[Start of section]

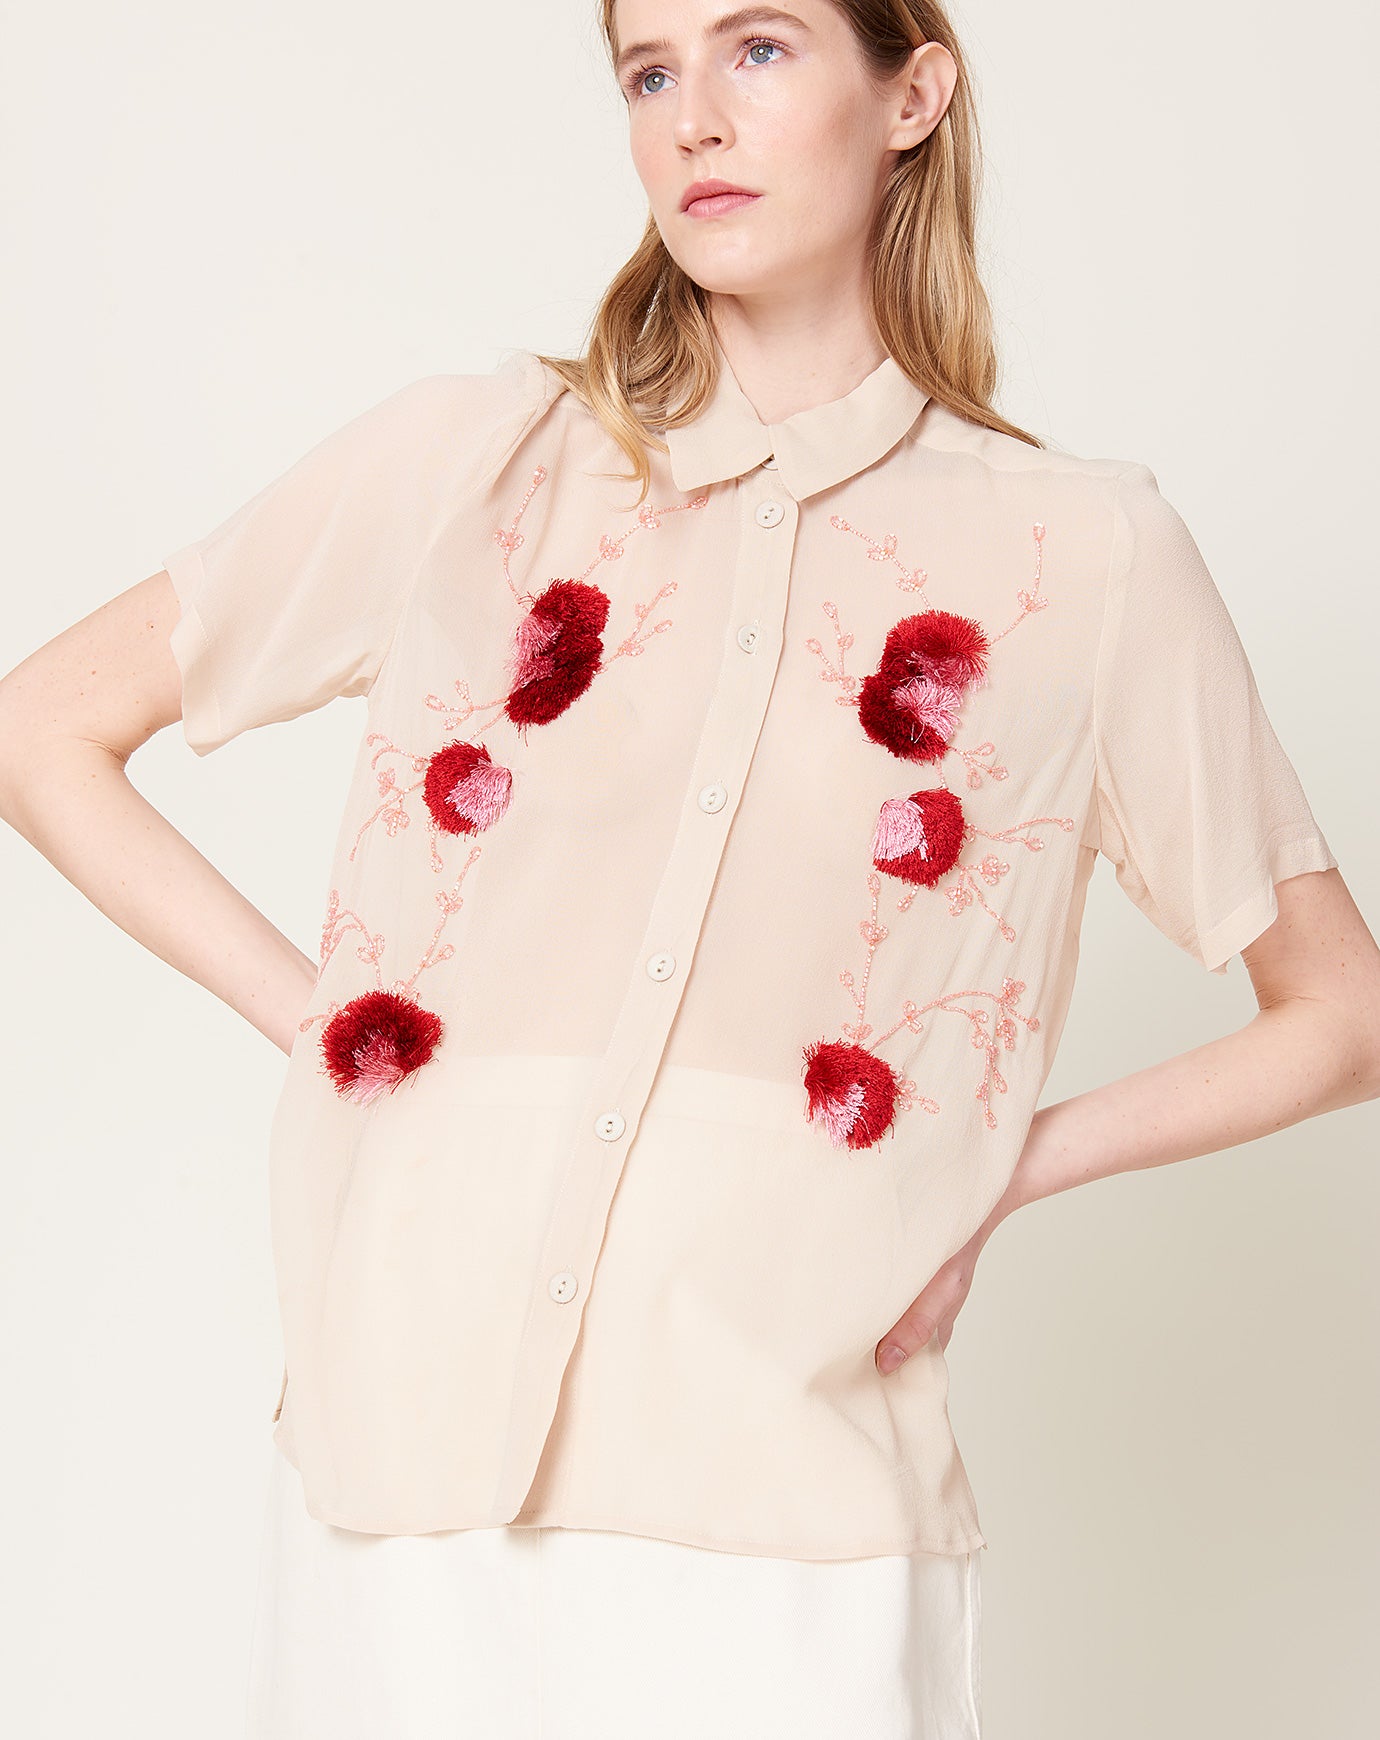 Rachel Comey Eyana Shirt in Ivory Beaded Floral
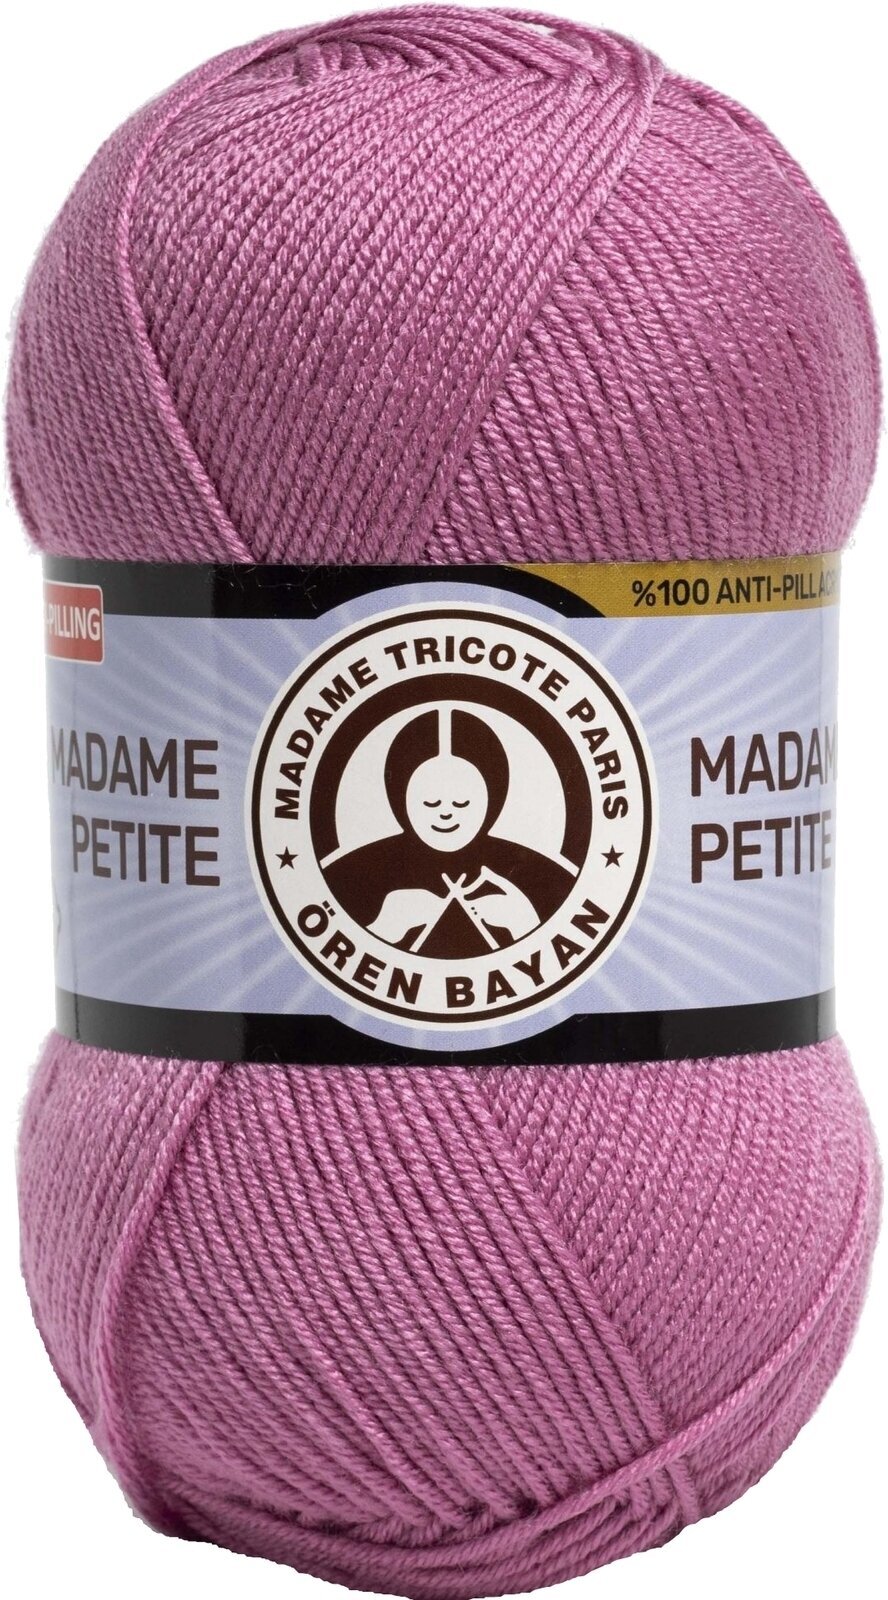 Strickgarn Madame Tricote Paris Madame Petite 3848 49 Strickgarn
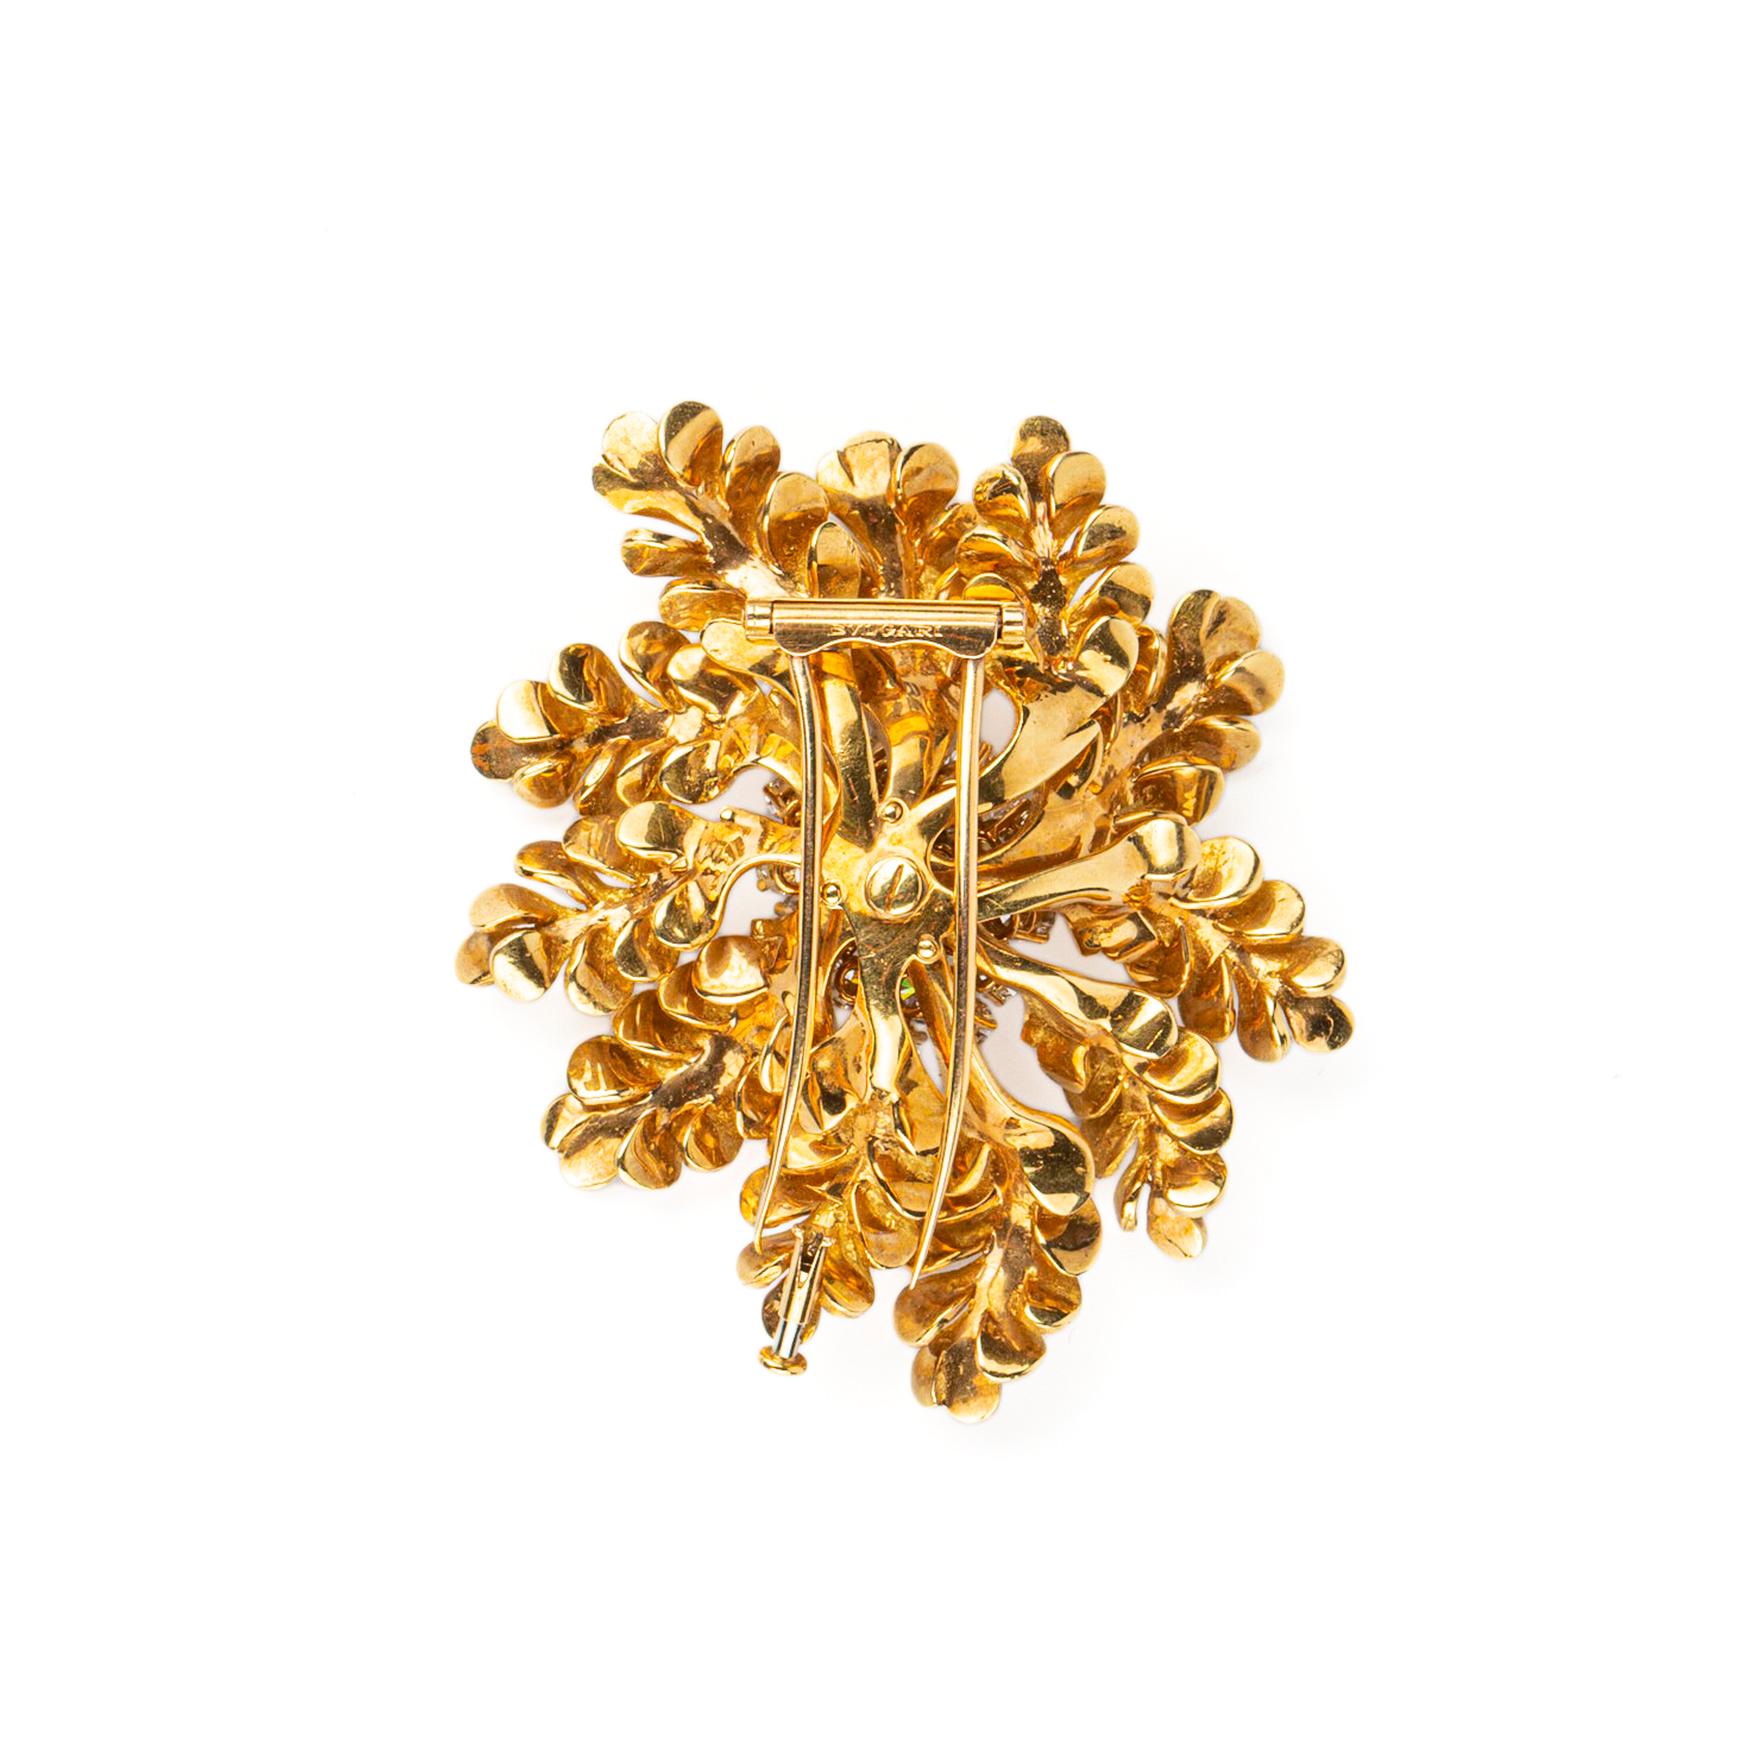 Brilliant Cut Bulgari Rare Yellow Gold and Diamond Floral Brooch 
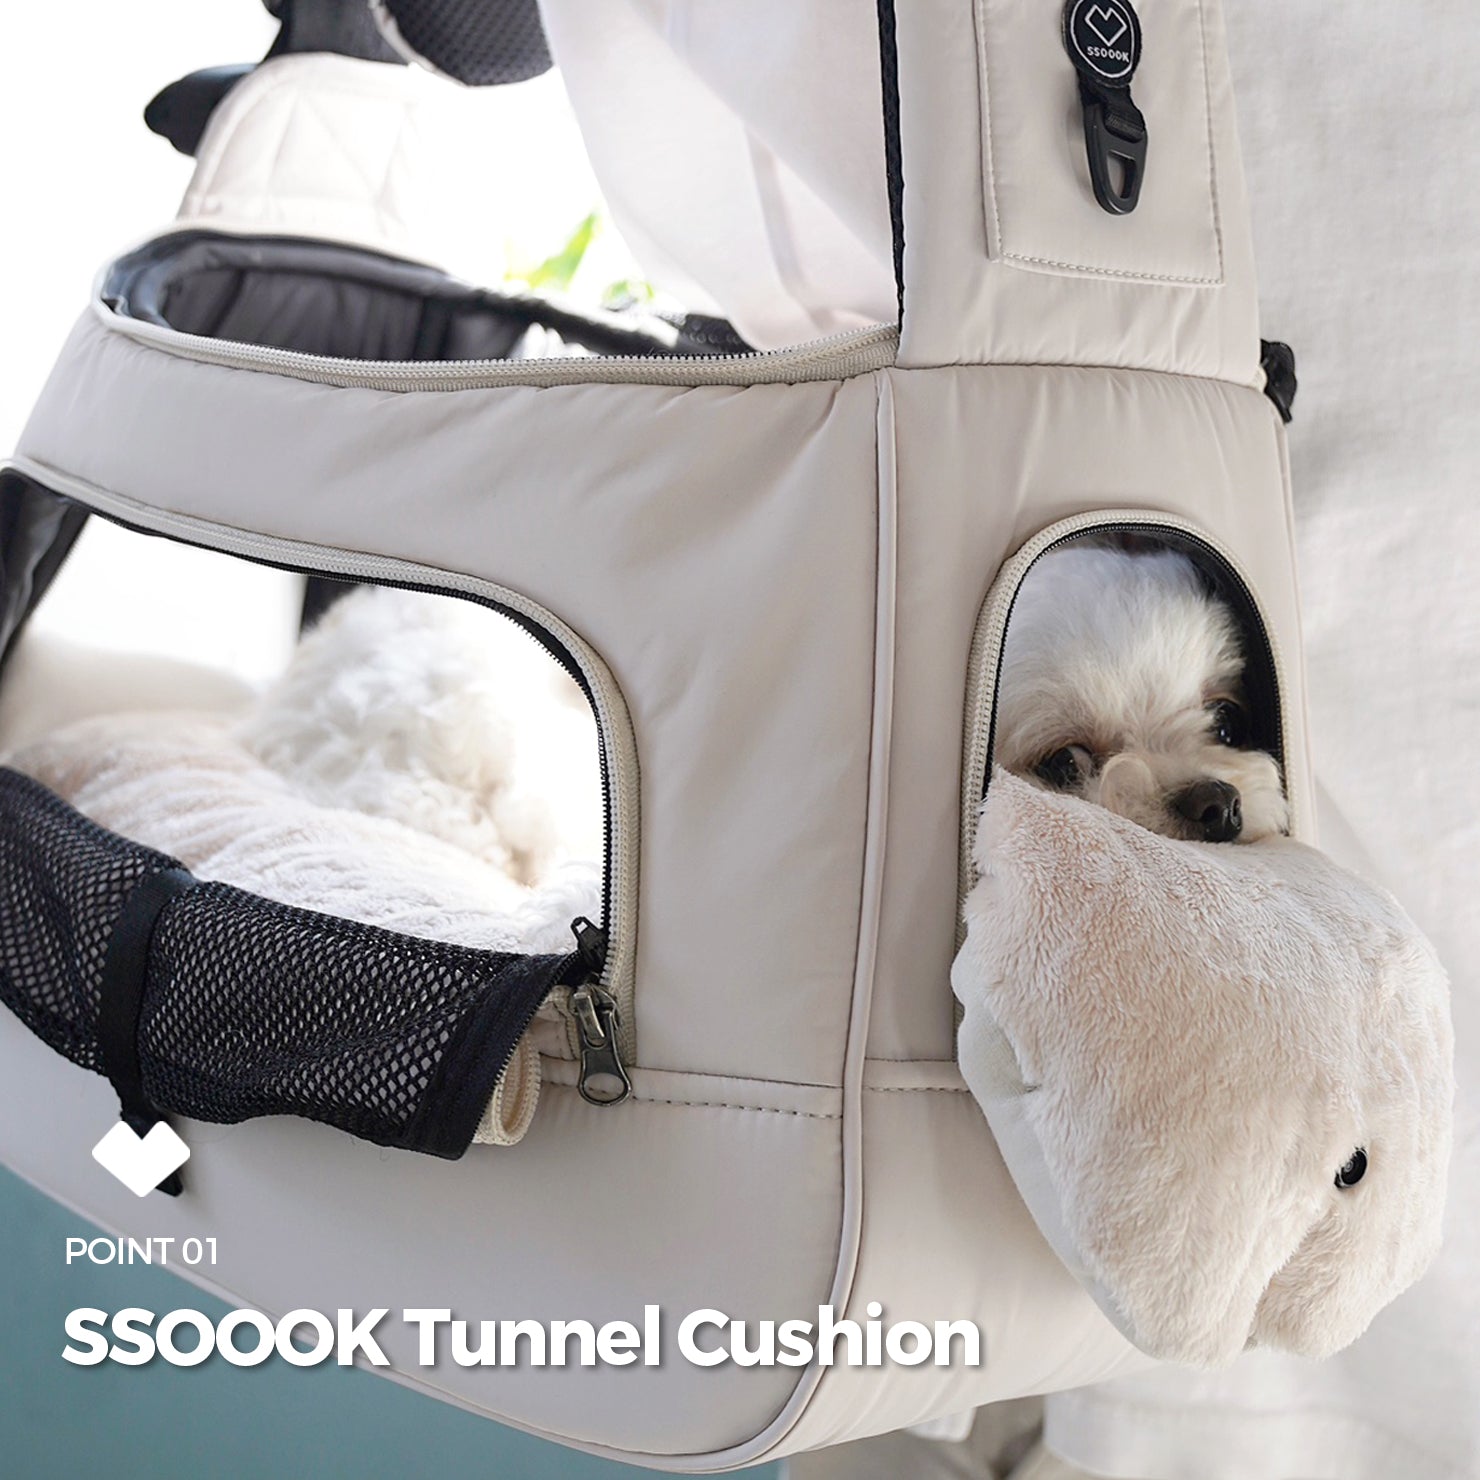 [SO-BD403] SSOOOK Tunnel-Shaped Cushion Set (Sling Bag Microfiber Cushion)

[End of section]

§ **Task description**: Only the lines from the one that holds "Brilliant Cut Bulgari" through the final line of the material should be reproduced, word for word, with the pictures omitted.

§ **Expected answer**:
 Brilliant Cut Bulgari Rare Yellow Gold and Diamond Floral Brooch 
 [SO-BD403] SSOOOK Tunnel-Shaped Cushion Set (Sling Bag Microfiber Cushion)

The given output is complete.